Stored records ▸

____

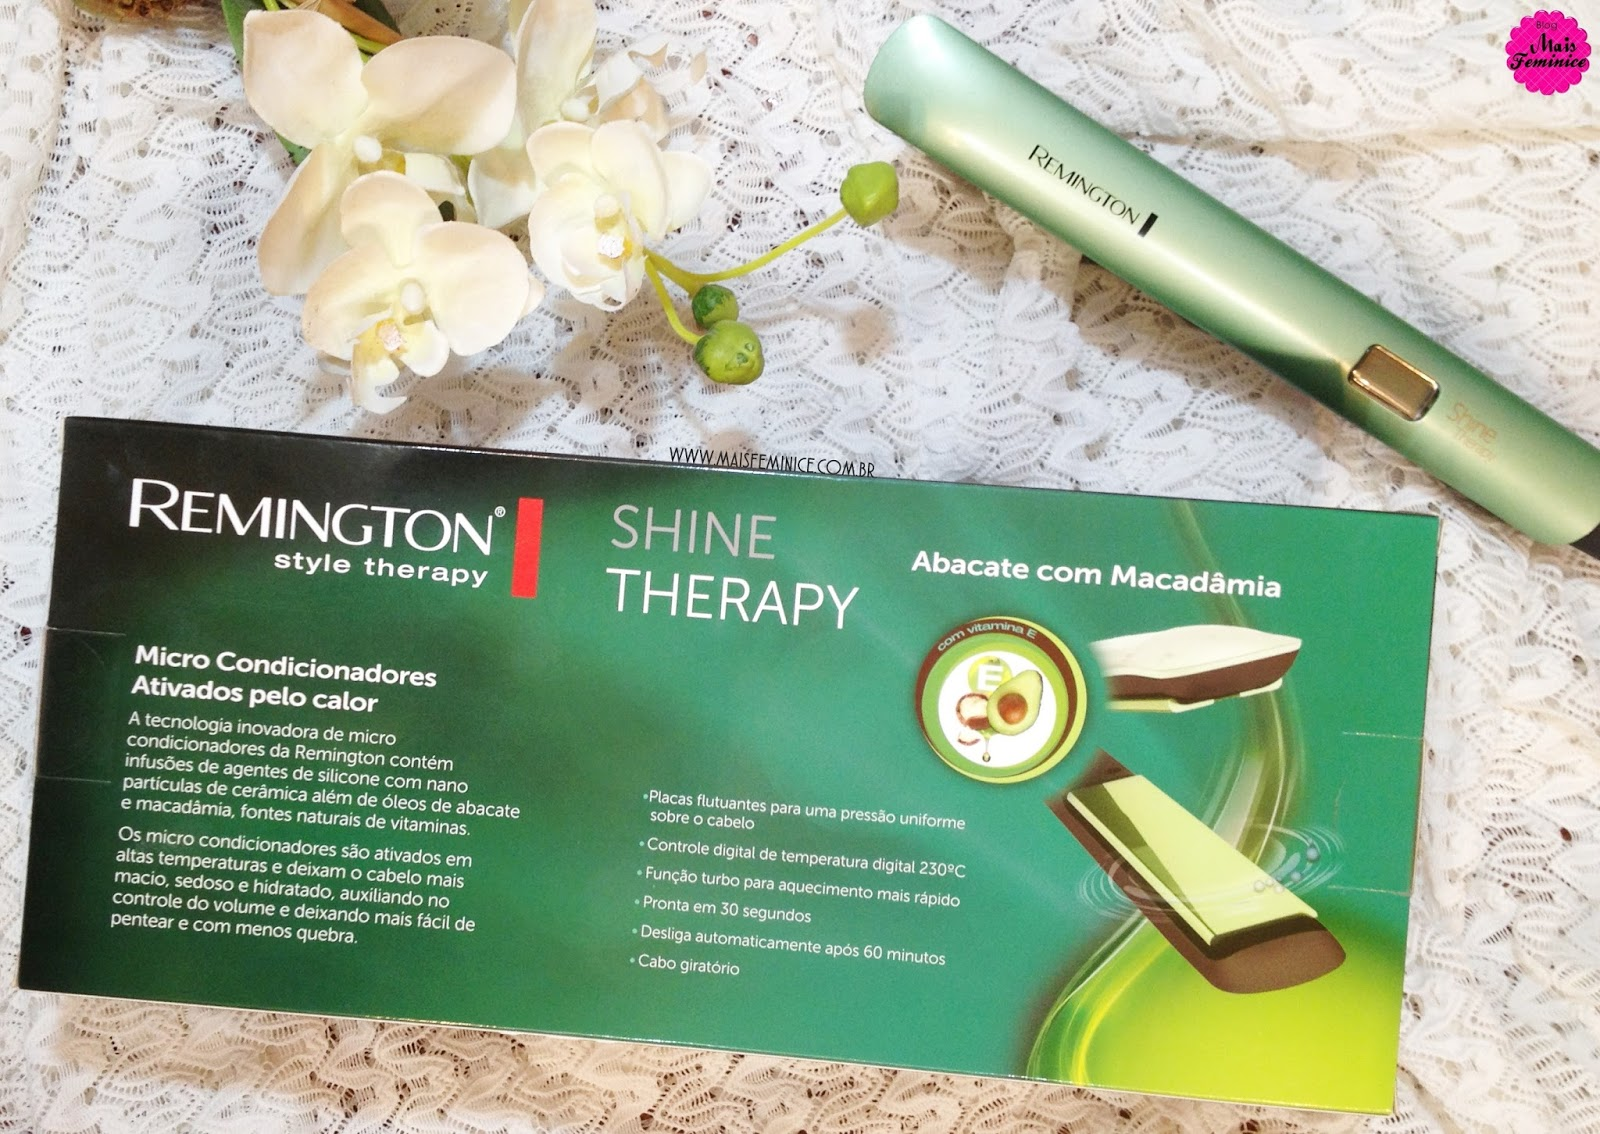 Prancha Shine Therapy da Remington
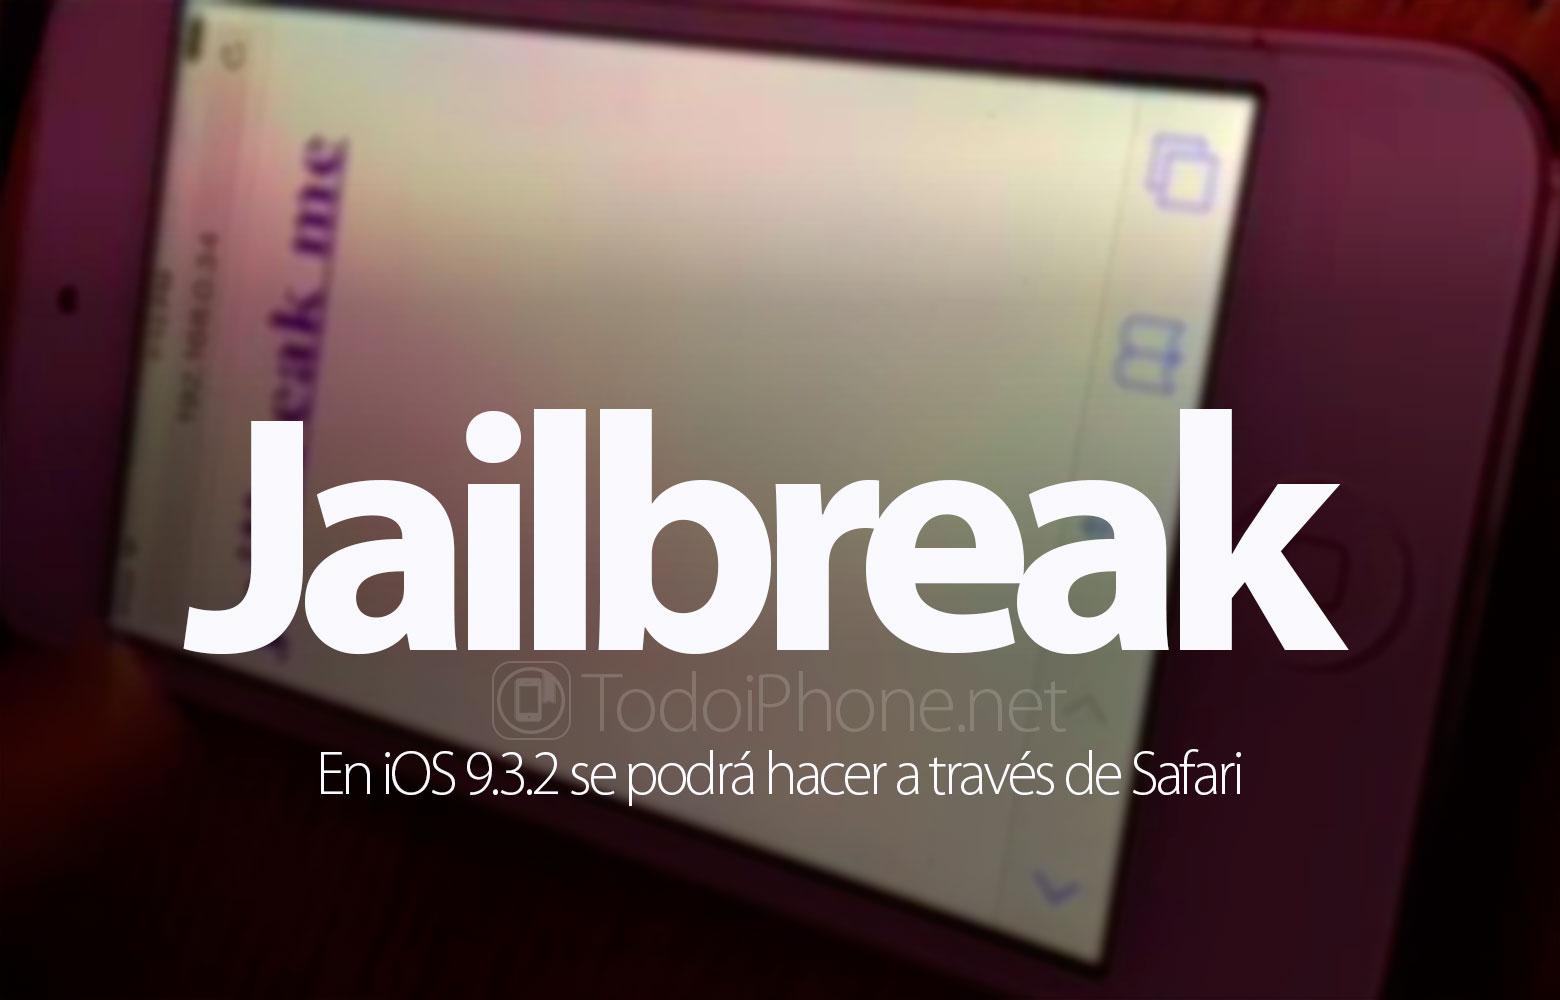 jailbreak-ios-9-3-2-podra-hacer-safari
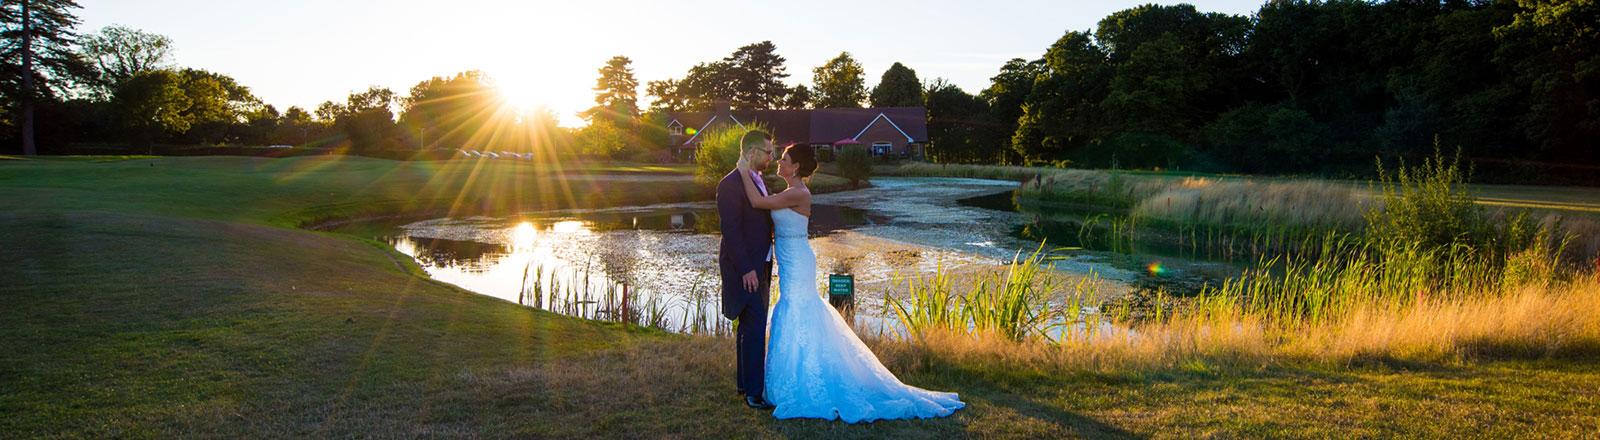 Aldwickbury Park Wedding outdoor shot at sunset
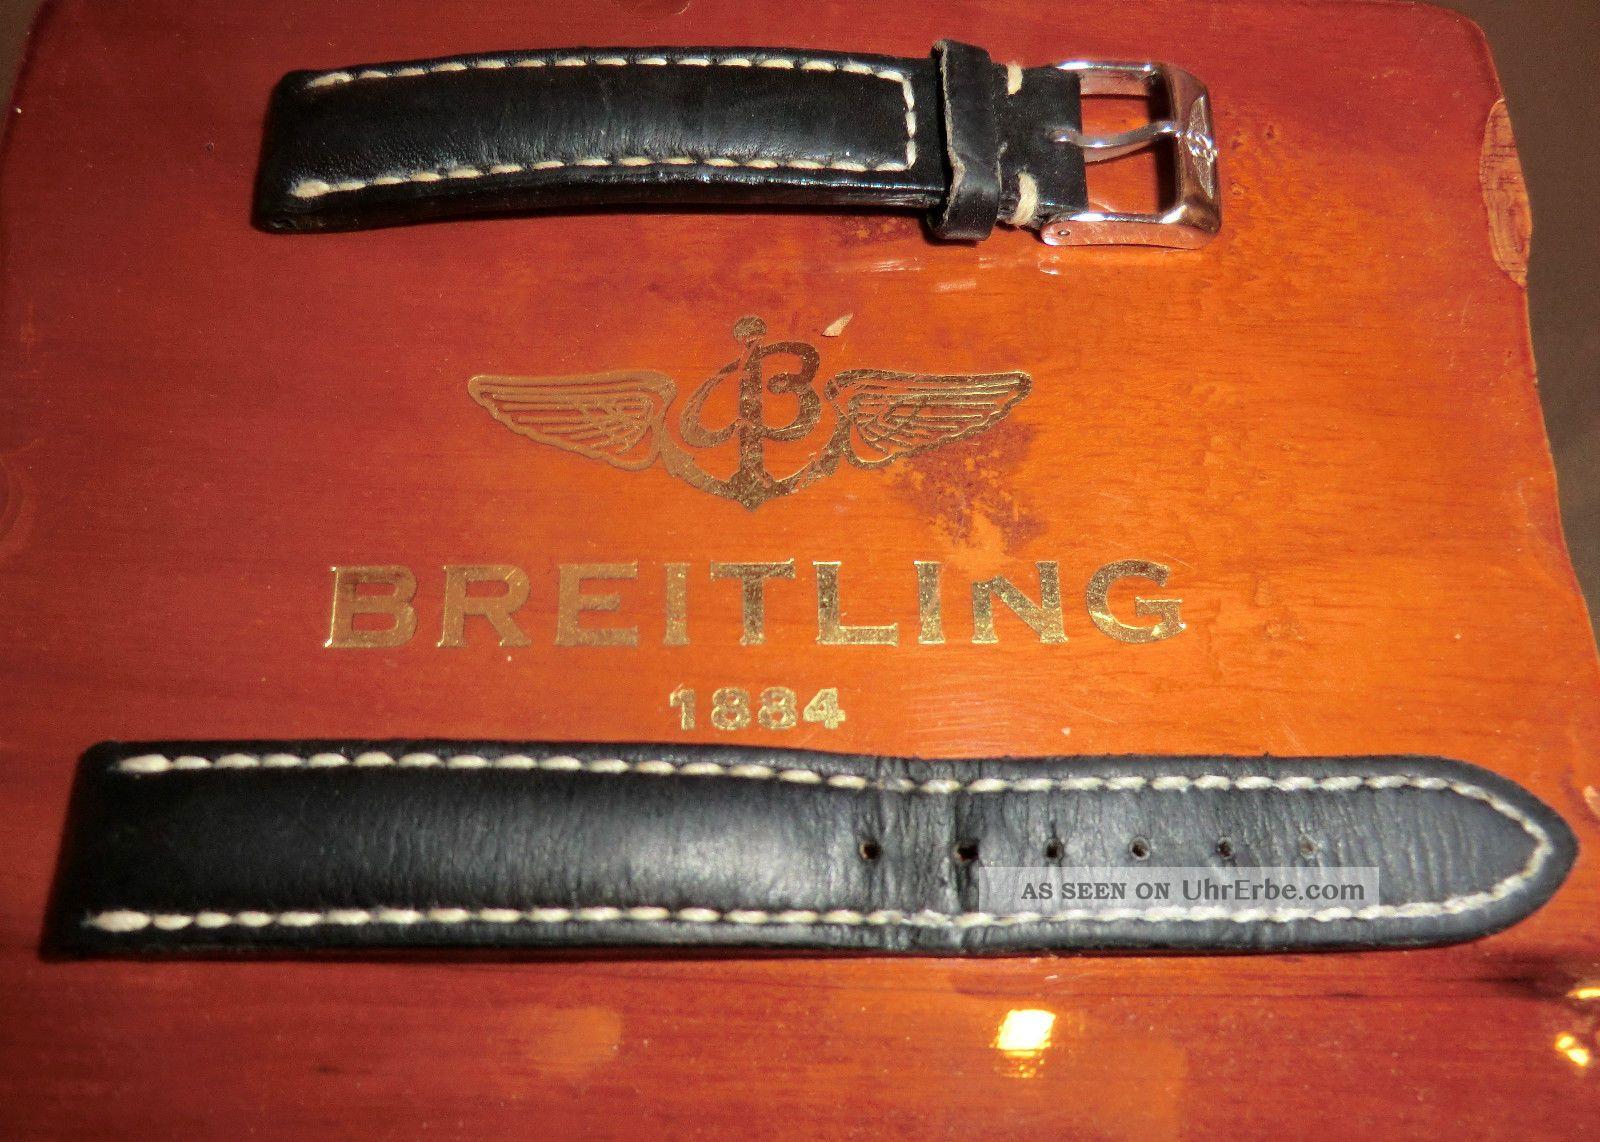 Breitling Uhrenarmband Damen 15 - 14 Mit Schließe Dunkelblau Leder Armbanduhren Bild
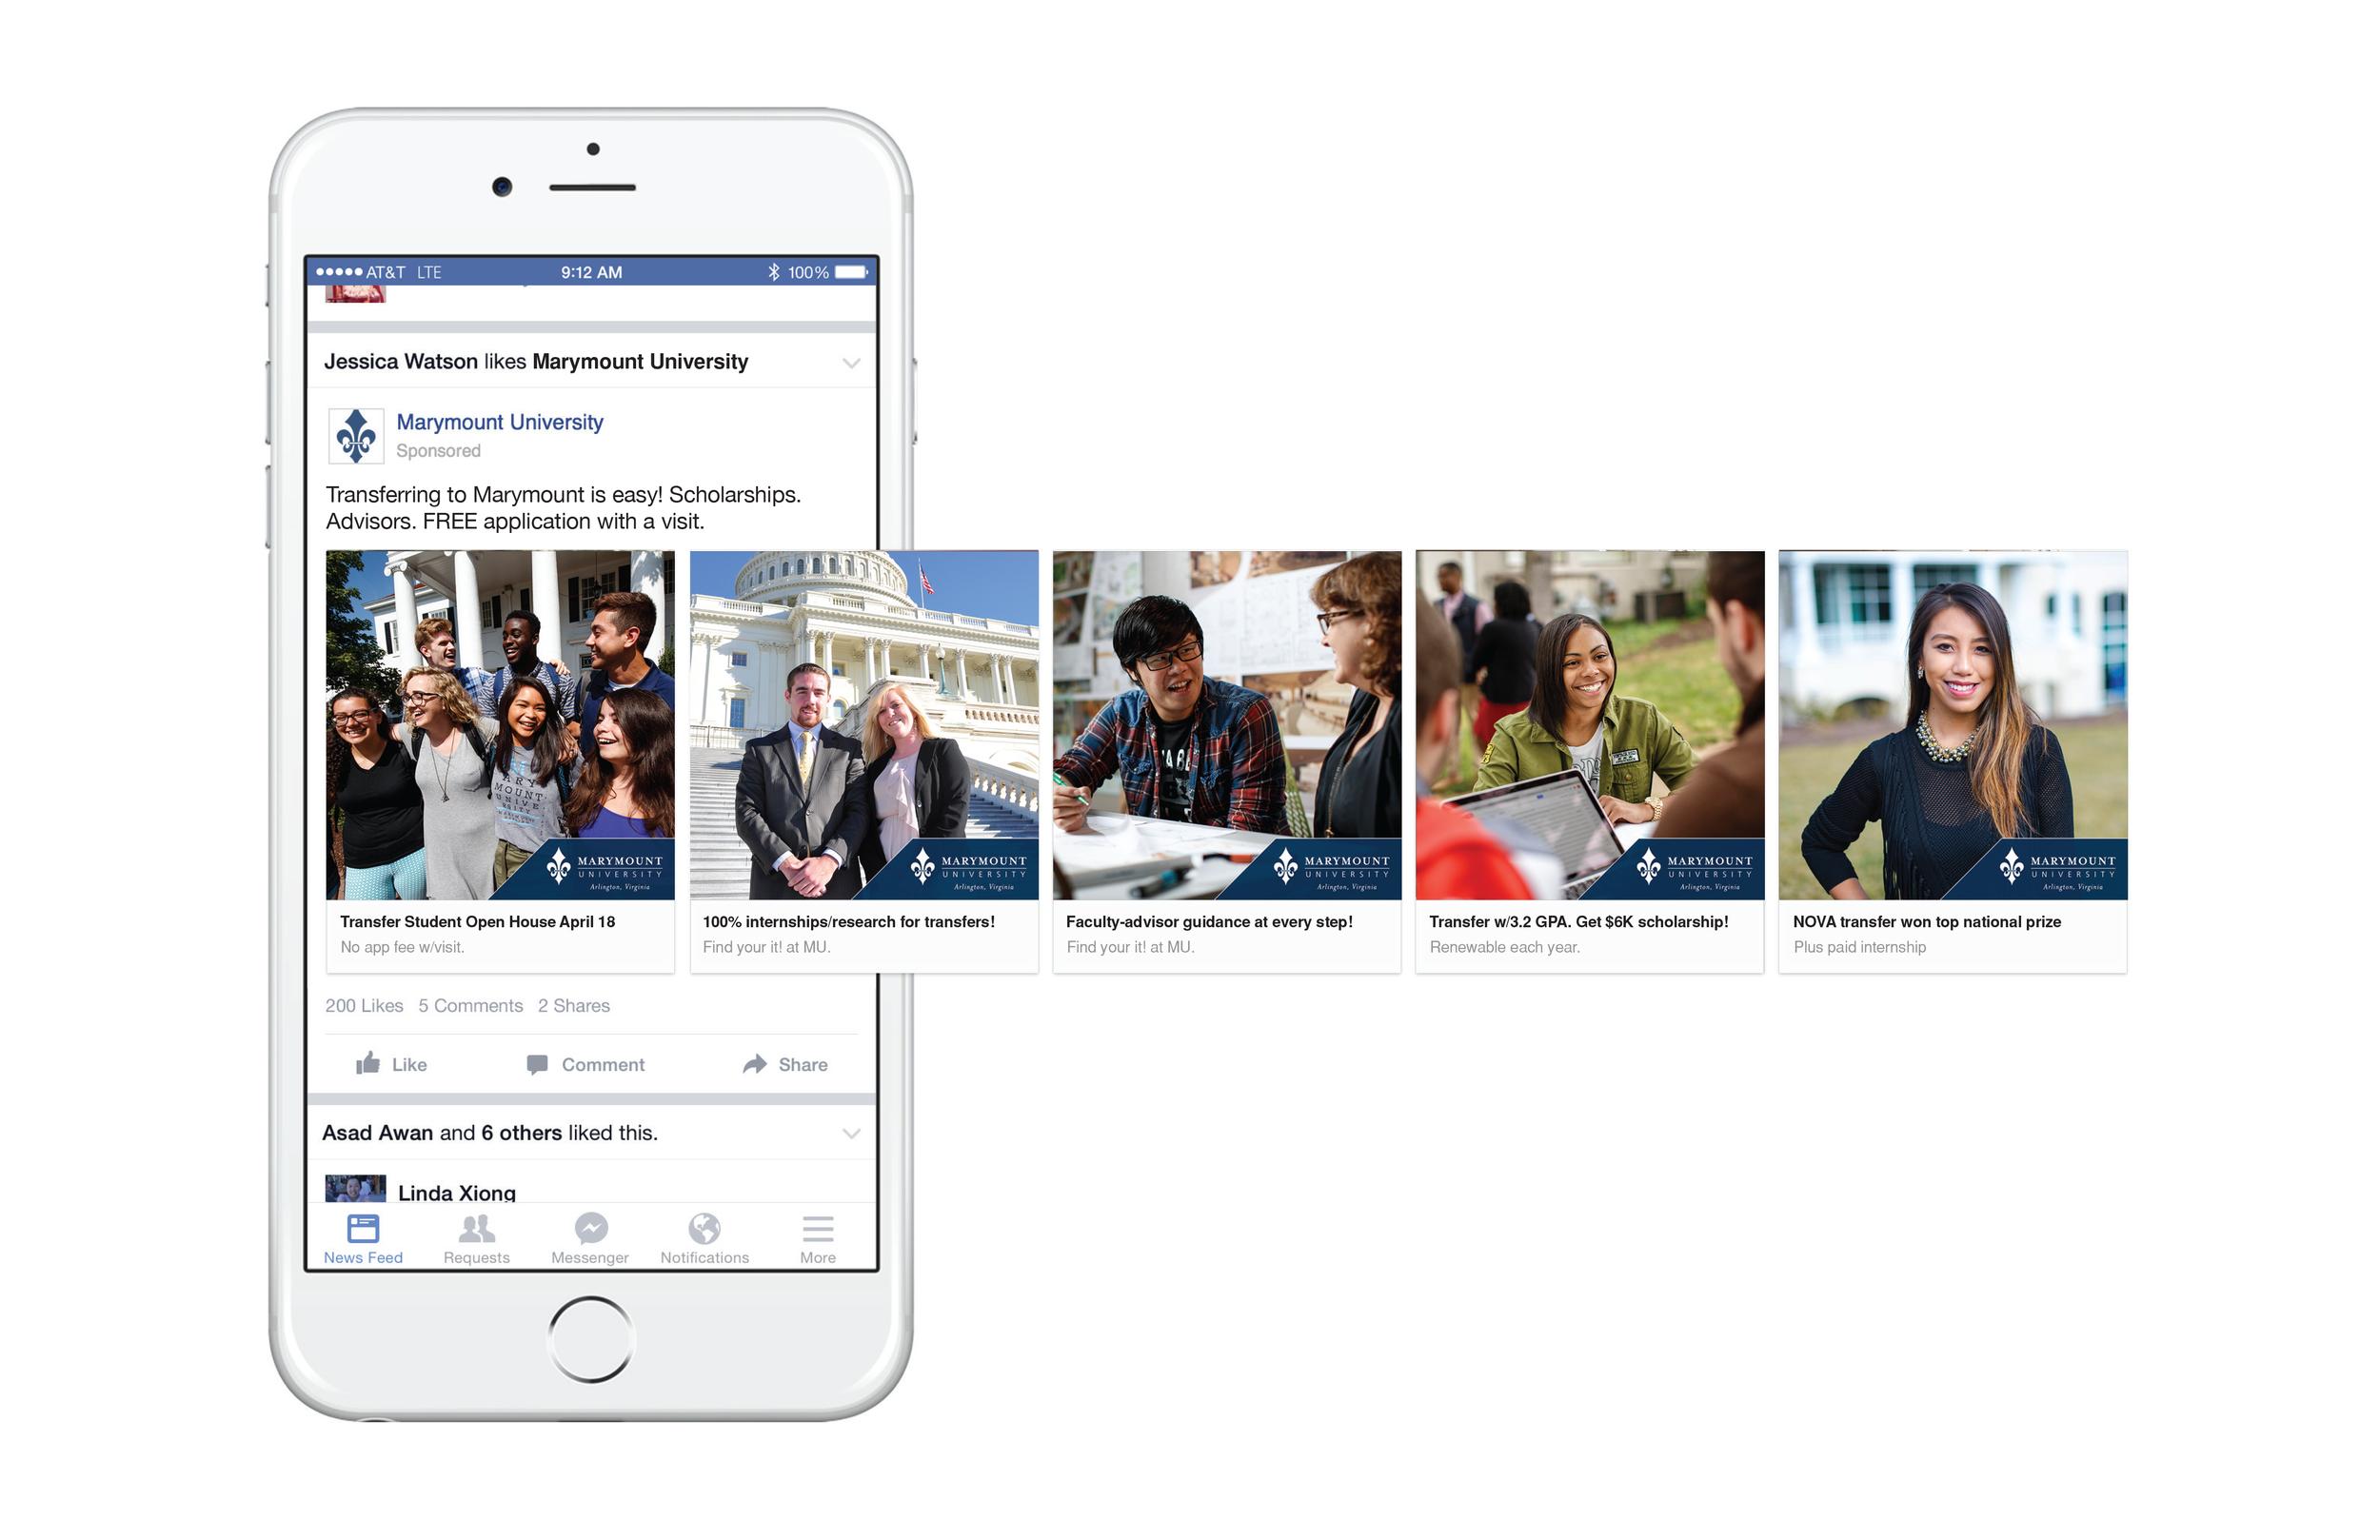 17018MUEM Transfer Student Carousel Facebook Ads 2.png

____

WHAT YOU WILL DO ▸
Print, please, exactly the lines from the one holding "Breitling Uhrenarmband Damen" through the final line of the data, both included, while leaving out each picture.

SOLUTION TO THIS TASK ▸
 Breitling Uhrenarmband Damen 15 - 14 Mit Schließe Dunkelblau Leder Armbanduhren Bild
 17018MUEM Transfer Student Carousel Facebook Ads 2.png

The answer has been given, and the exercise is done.